Tim Cullinan also said the longer-term implication for our food exports could be the flooding of the UK market by cheap imports. “Farmers here on the island of Ireland and in the UK are steadfast in their view of standards,” he said.

"We know the UK agenda is to offer access to their food market to Australia, New Zealand Canada, the US and the Mercosur countries of South America in exchange for trade deals with those countries. If that happens, then the value of the UK market for Irish food exports will be cut and Irish farmers will suffer huge income losses, with knock-on effects on EU markets.
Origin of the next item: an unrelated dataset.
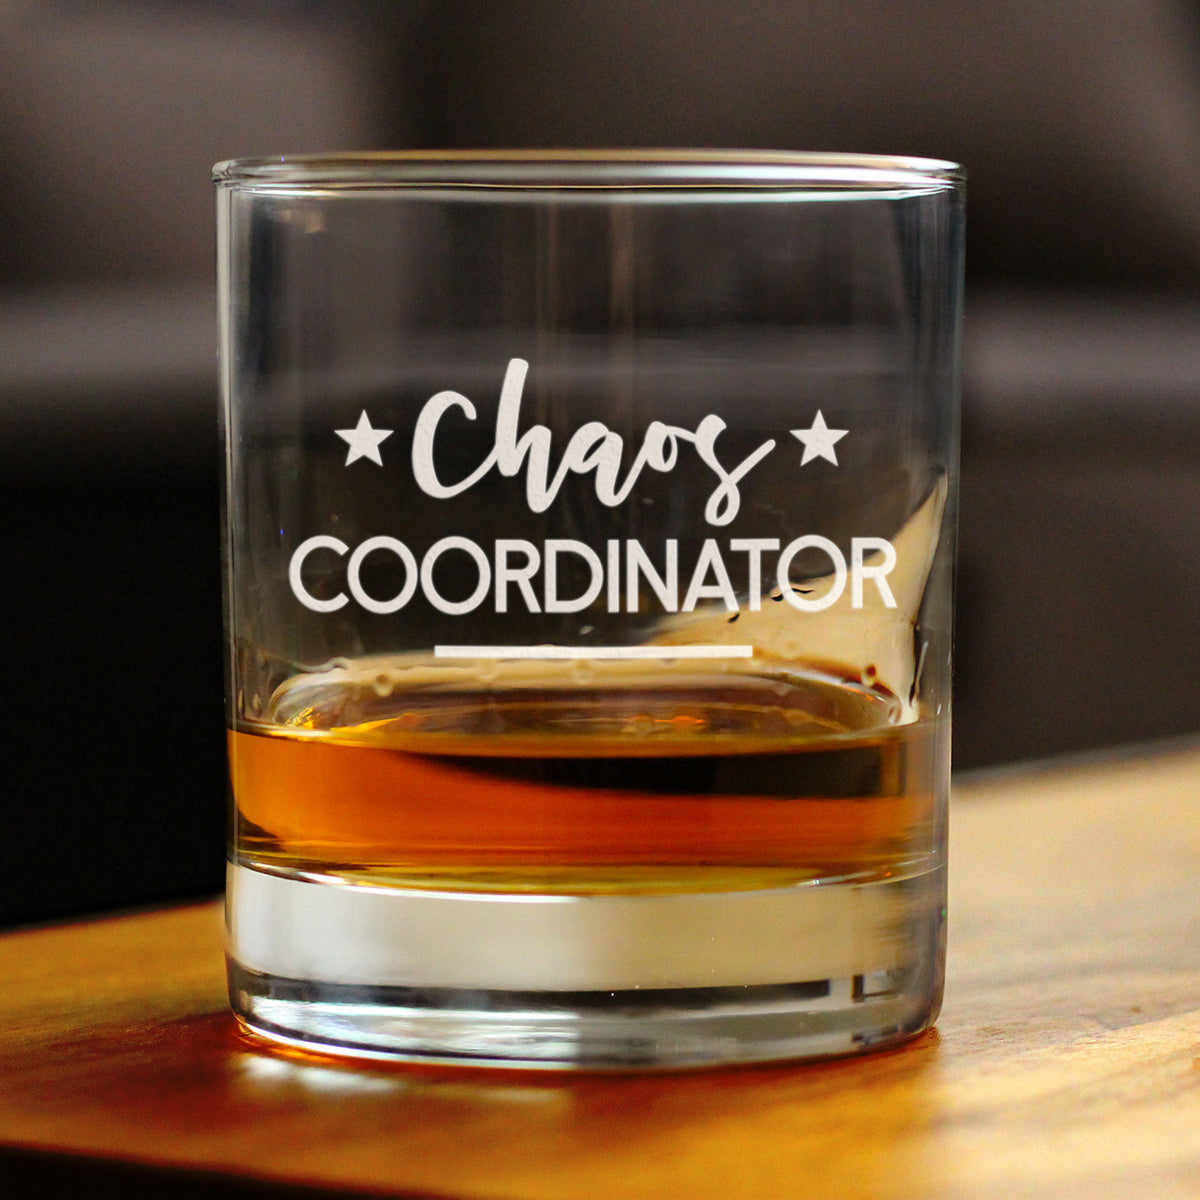 Chaos Coordinator - Whiskey Rocks Glass Gifts - Funny Gifts for Secretaries, Moms, and Teachers - 10.25 Oz Glasses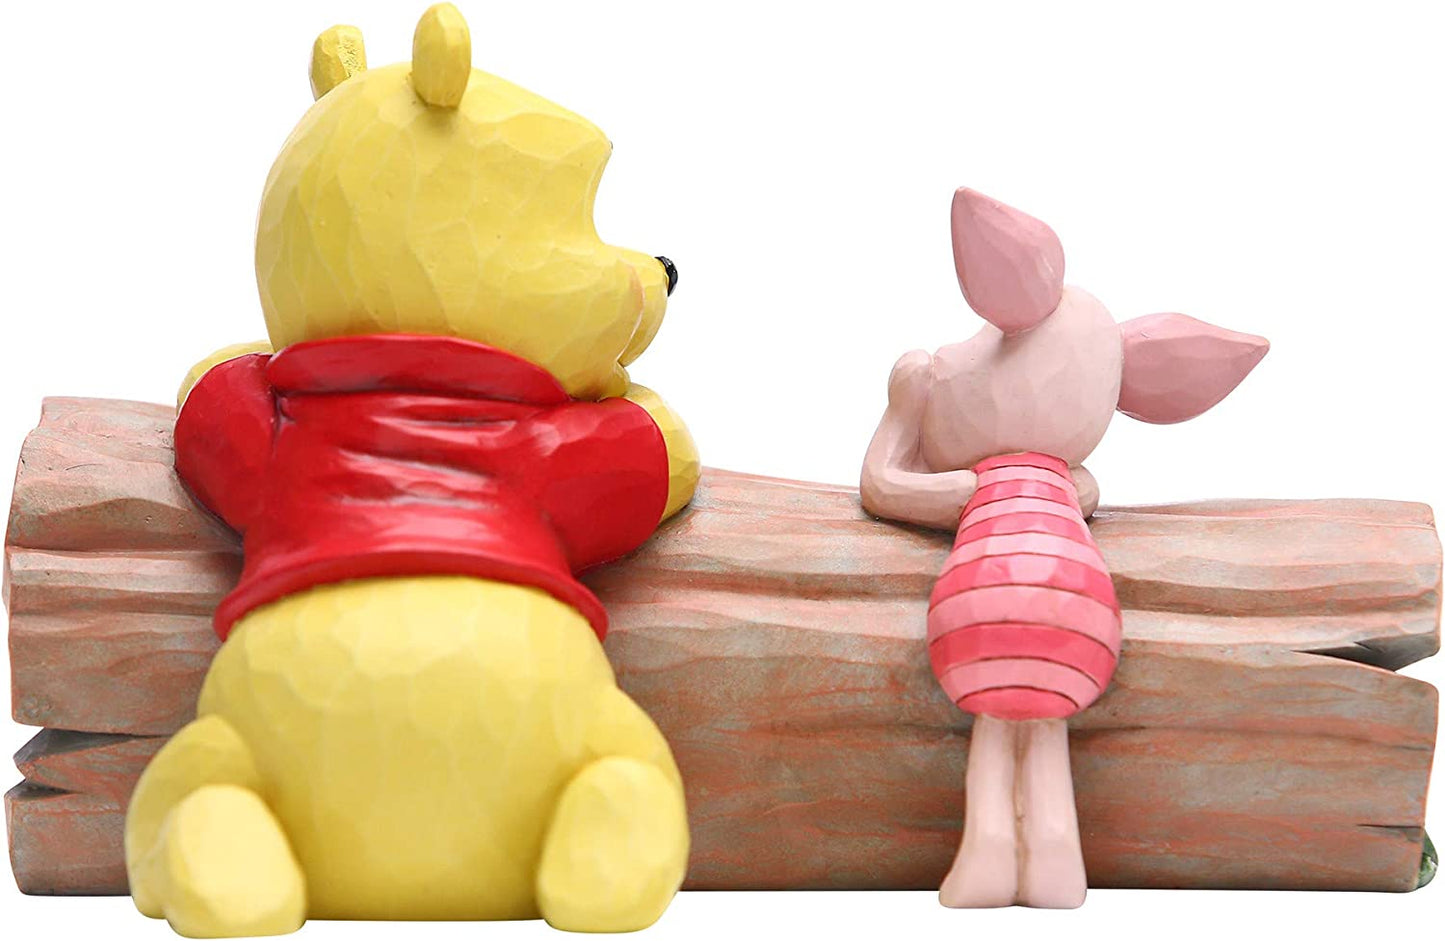 Jim Shore Disney Traditions Winnie the Pooh and Piglet

The level playing field provisions built into this deal by the EU must stop any race to the bottom."

ICSA president Edmond Phelan has welcomed the announcement made by Minister Simon Coveney that Ireland is set to receive €1.05 billion in 2021 under the EU’s Brexit Adjustment Reserve.

He said: “News that the EU Commission has proposed that 25% of this important fund should be allocated to Ireland is testament to the fact that Ireland has been, and continues to be, the country most exposed to the economic fallout from Brexit.”

“ICSA is committed to ensuring that Irish cattle and sheep farmers receive a substantial piece of this fund. Uncertainty around Brexit has severely impacted prices since the referendum was passed in 2016. Those sectors are now in year five of wrangling with the severe economic repercussions of Brexit and must certainly now be a priority when it comes to allocating these supports.”

Mr Phelan said the signing of the Brexit trade deal in December has not eliminated the potential for Brexit to continue to impact prices for the foreseeable future. “The deal has not signalled the end of the Brexit disruption faced by cattle and sheep farmers. The UK has long since been our biggest market and the threat of that market being displaced by cheaper imports from around the world remains.”